TGE alone (and its licensors, where applicable) own and shall retain all right, title and interest, including all related intellectual property rights, in and to the Services, including without limitation all information, software, text, displays, images, video and audio, and the design,selection and arrangement thereof, and such materials are protected by United States and international copyright, trademark, patent, trade secret and other intellectual property or proprietary rights laws.
This Agreement is not a sale and does not convey to you any rights of ownership in or related to the Services, or any intellectual property rights owned by TGE or its licensors. TGE name, logo and product and service names associated with the Services are trademarks of TGE or third parties, and no right or license is granted to use them. No right, title or interest in or to the Services or materials provided therewith is granted or transferred to you except as expressly set forth herein, and all rights not expressly granted herein are reserved by TGE. Any use of the Services or materials provided therewith that is not expressly permitted by this Agreement constitutes a breach of this Agreement and may violate copyright, trademark or other applicable laws.
Any suggestions, ideas, proposals or other material submitted to by you to TGE relating to the Services (“Feedback”) shall be non-confidential and non-proprietary, and TGE shall not be liable for the disclosure or use of any Feedback. You hereby grant and agree to grant TGE a worldwide, non-exclusive, perpetual, irrevocable, royalty-free, fully-paid, sublicensable and transferable right and license to incorporate, make, use, copy, publish, distribute, further develop, modify and otherwise exploit Feedback for any purpose, commercial or otherwise, without compensation or accounting to you and without further recourse by you.
As part of using the Services, you may obtain personal information, including email addresses, from other users. Without obtaining prior permission from the user, this personal information will only be used for Services-related communications. TGE has not granted you a license to use the information for unsolicited commercial messages or unauthorized transactions. Without limiting the foregoing, without express consent from the user, you are not licensed to add, and you shall not add, any user to your email or physical mail list.
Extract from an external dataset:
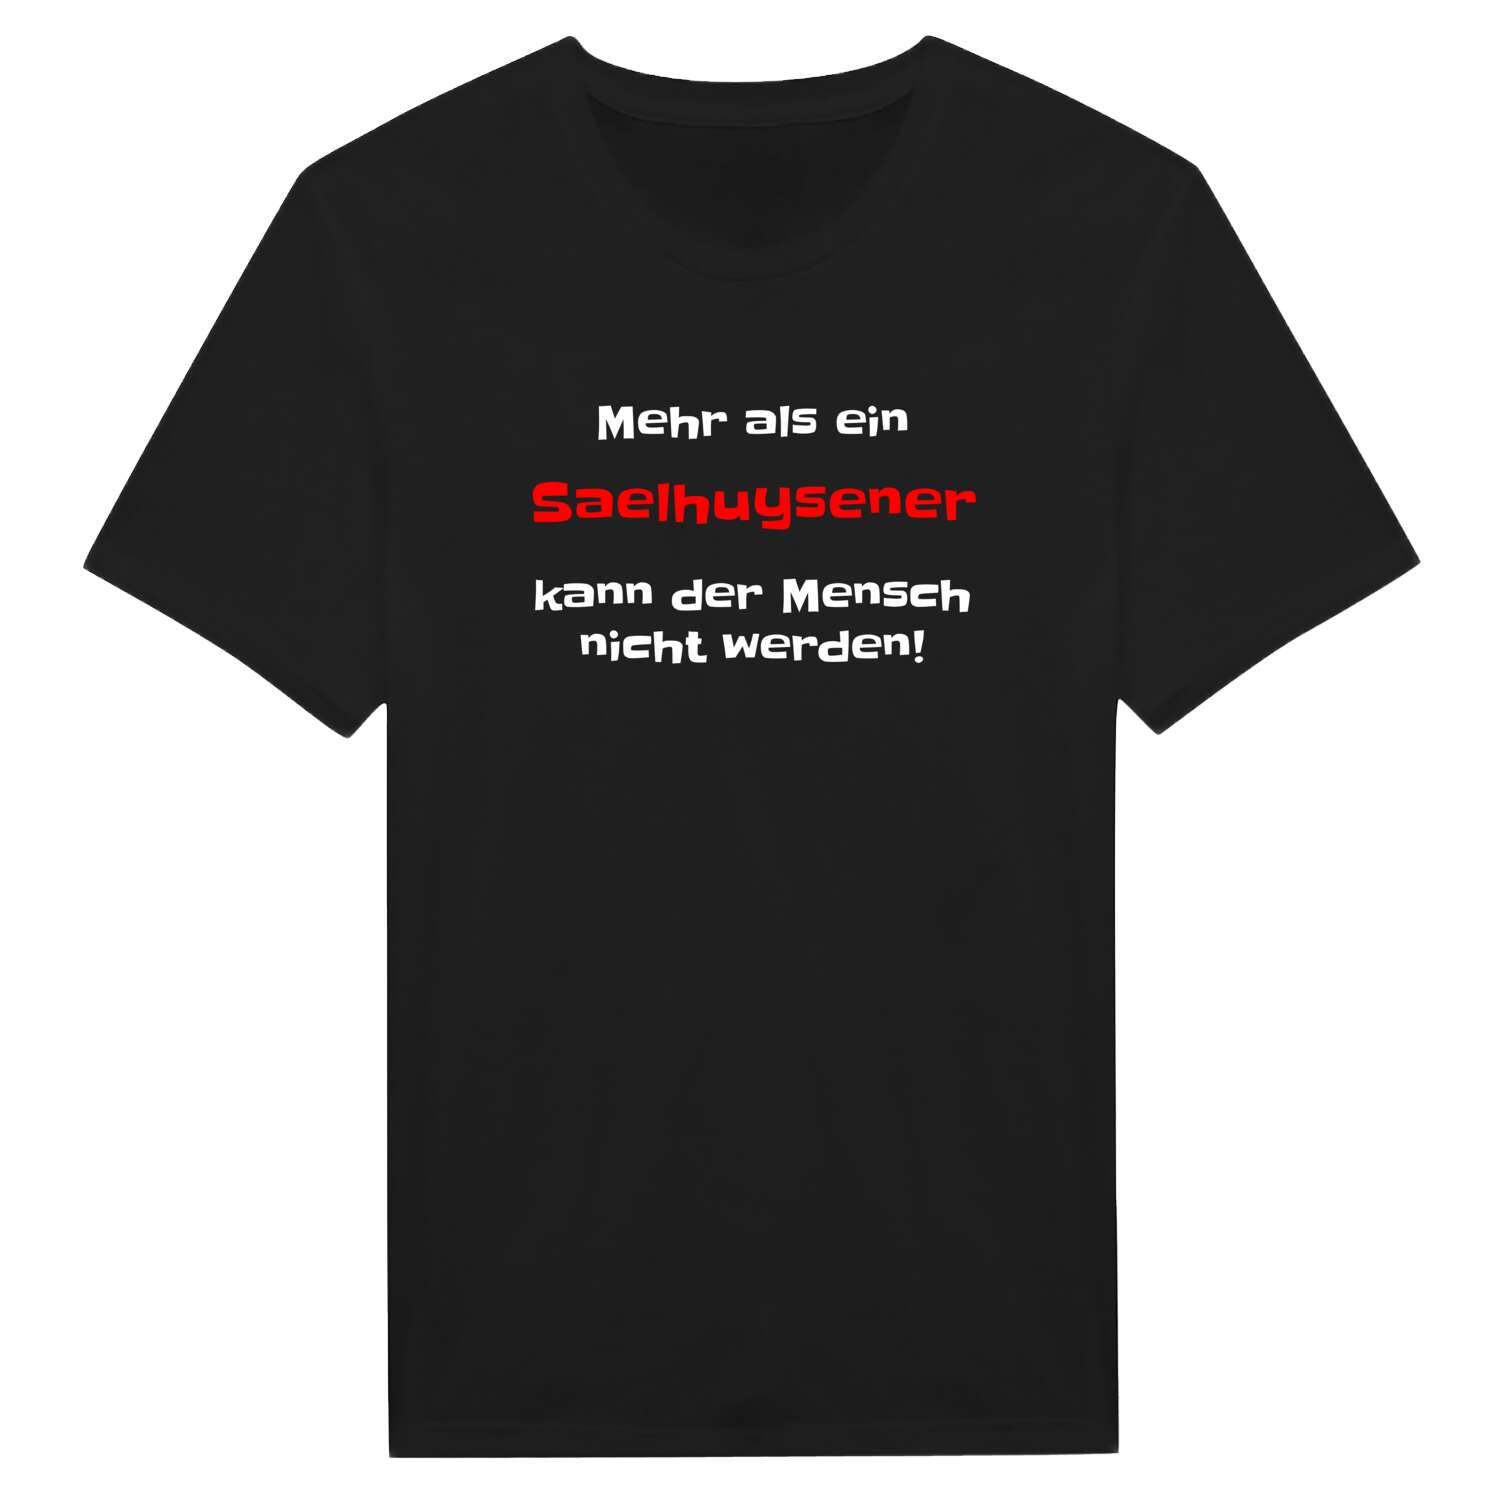 Saelhuysen T-Shirt »Mehr als ein«
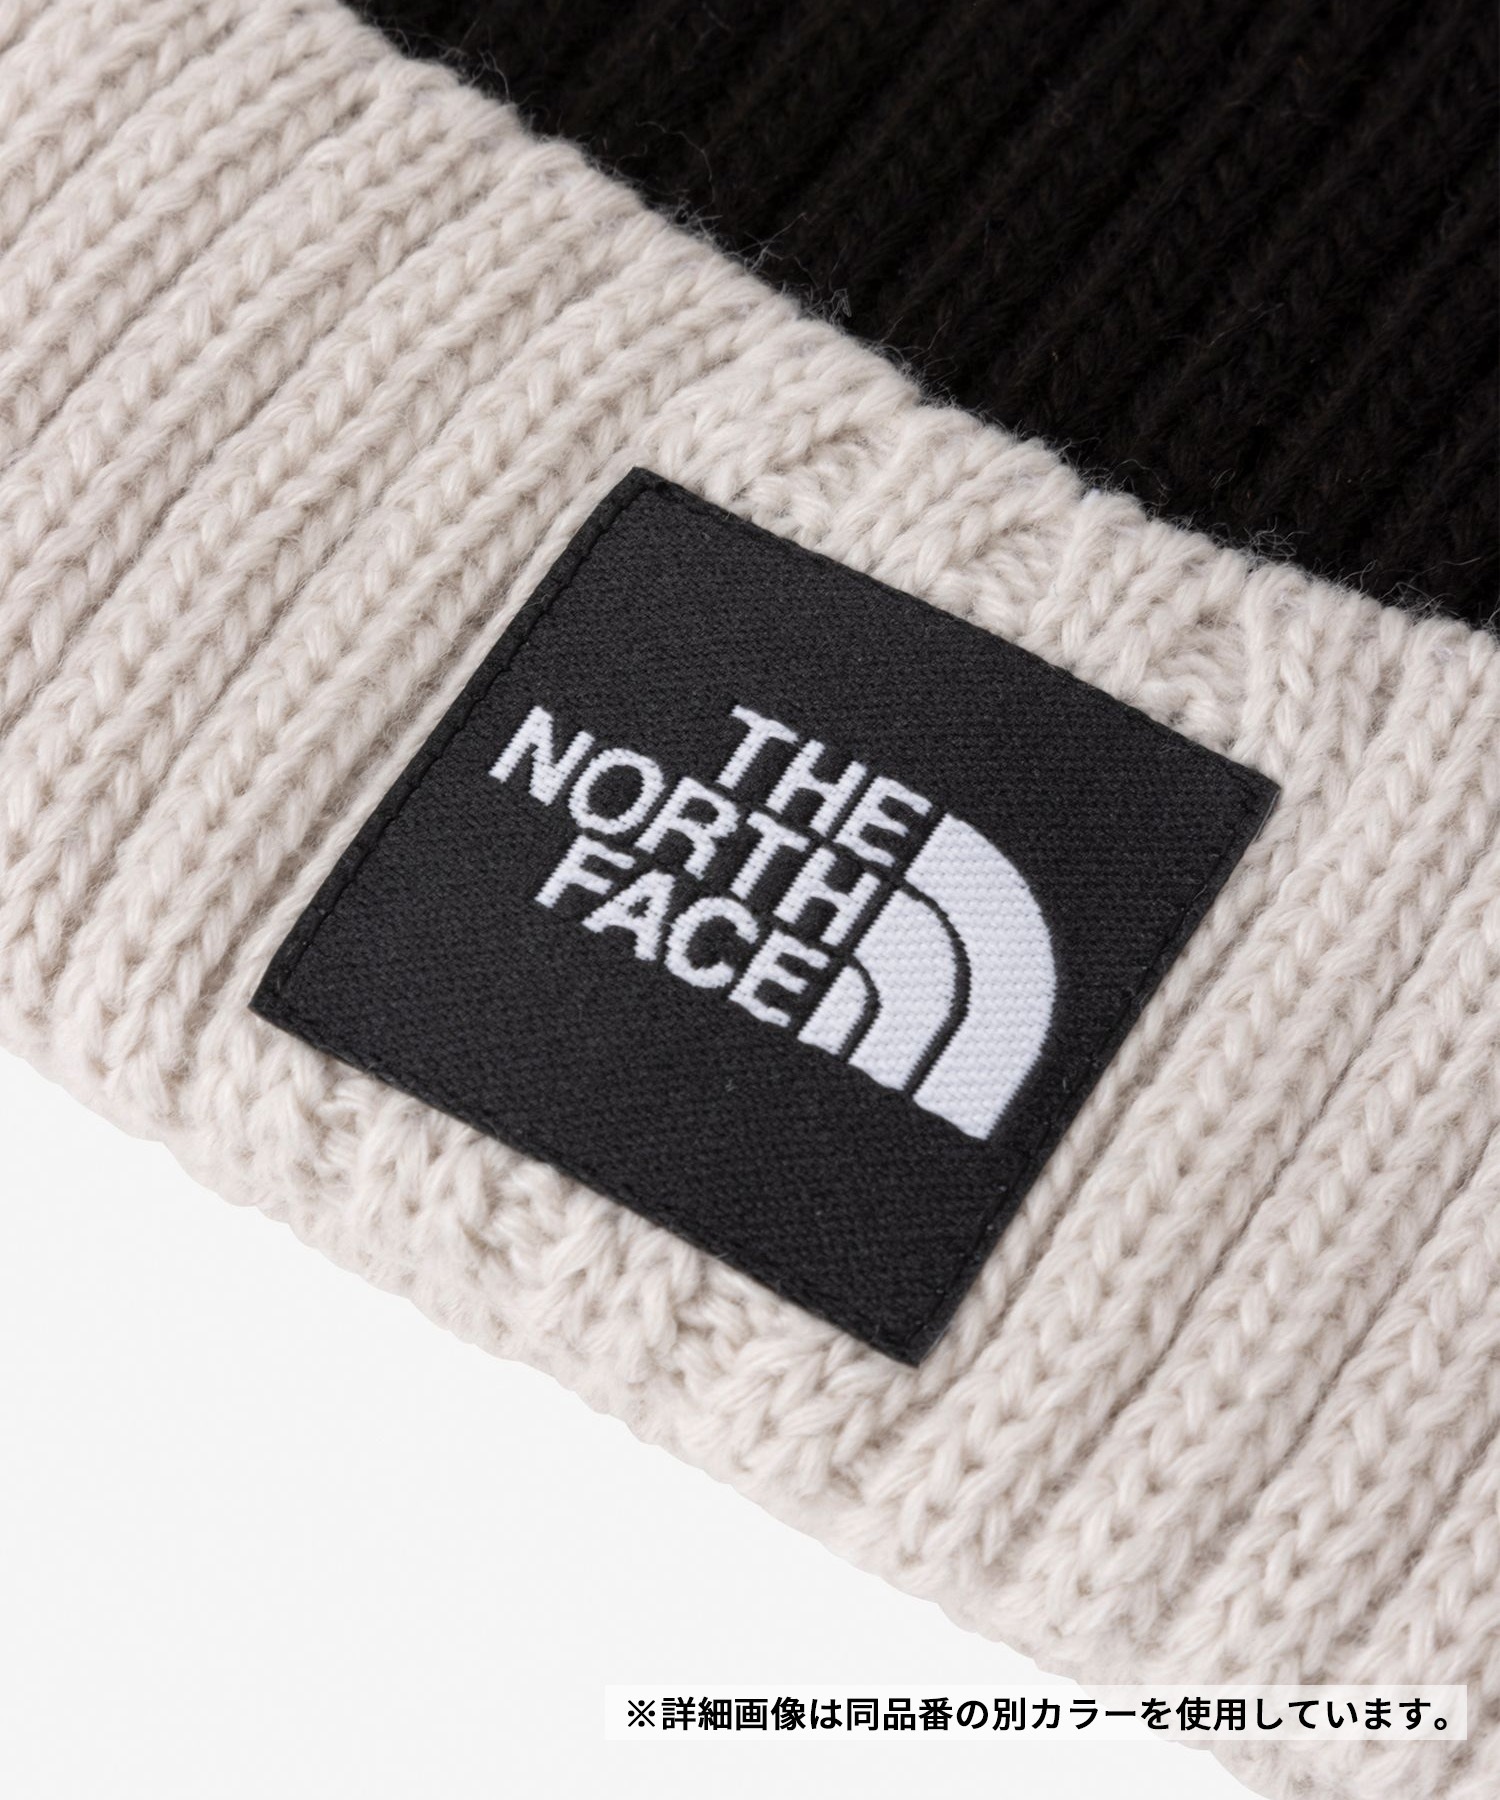 THE NORTH FACE/ザ・ノース・フェイス ポンポンカプッチョ キッズ ニットキャップ ビーニー 帽子 ユーティリティブラウン NNJ42307 UB(UB-FREE)

TGE does not control the information provided by users. Some information provided by users may be offensive, harmful, inaccurate, or deceptive. There are also risks of dealing with underage persons or people acting under false pretense. Additionally, there may also be risks dealing with foreign nationals. By using the Services, you agree to accept these risks and that TGE (and its officers, directors, agents, subsidiaries, joint ventures and employees) is not responsible for any and all acts or omissions of users of the Services.
TGE reserves the right to add, modify, disable or remove contents or information from the Services at any time and in its sole discretion, with or without notice to any user. Contents and information made available via the Services are not necessarily complete, accurate or up to date, and TGE is under no obligation to correct or update such material.
To the extent that the Services include content provided by third parties, including, but not limited to, other users, or licensed from third parties, such third-party content suppliers are solely responsible for the statements and opinions, and the accuracy and completeness of the content they make available through the Services. Such content provided by third parties does not necessarily reflect the opinions of TGE. TGE is not responsible for the availability of outside websites or resources linked to or referenced on the Services. TGE does not endorse and is not responsible or liable for any content, advertising, products, or other materials made available by third parties or from third-party websites or resources. You agree that TGE is not and shall not be responsible or liable, directly or indirectly, for any damage or loss caused or alleged to be caused by or in connection with the use of or reliance on any content, goods or services available made available by third parties or on or through any third-party websites or resources.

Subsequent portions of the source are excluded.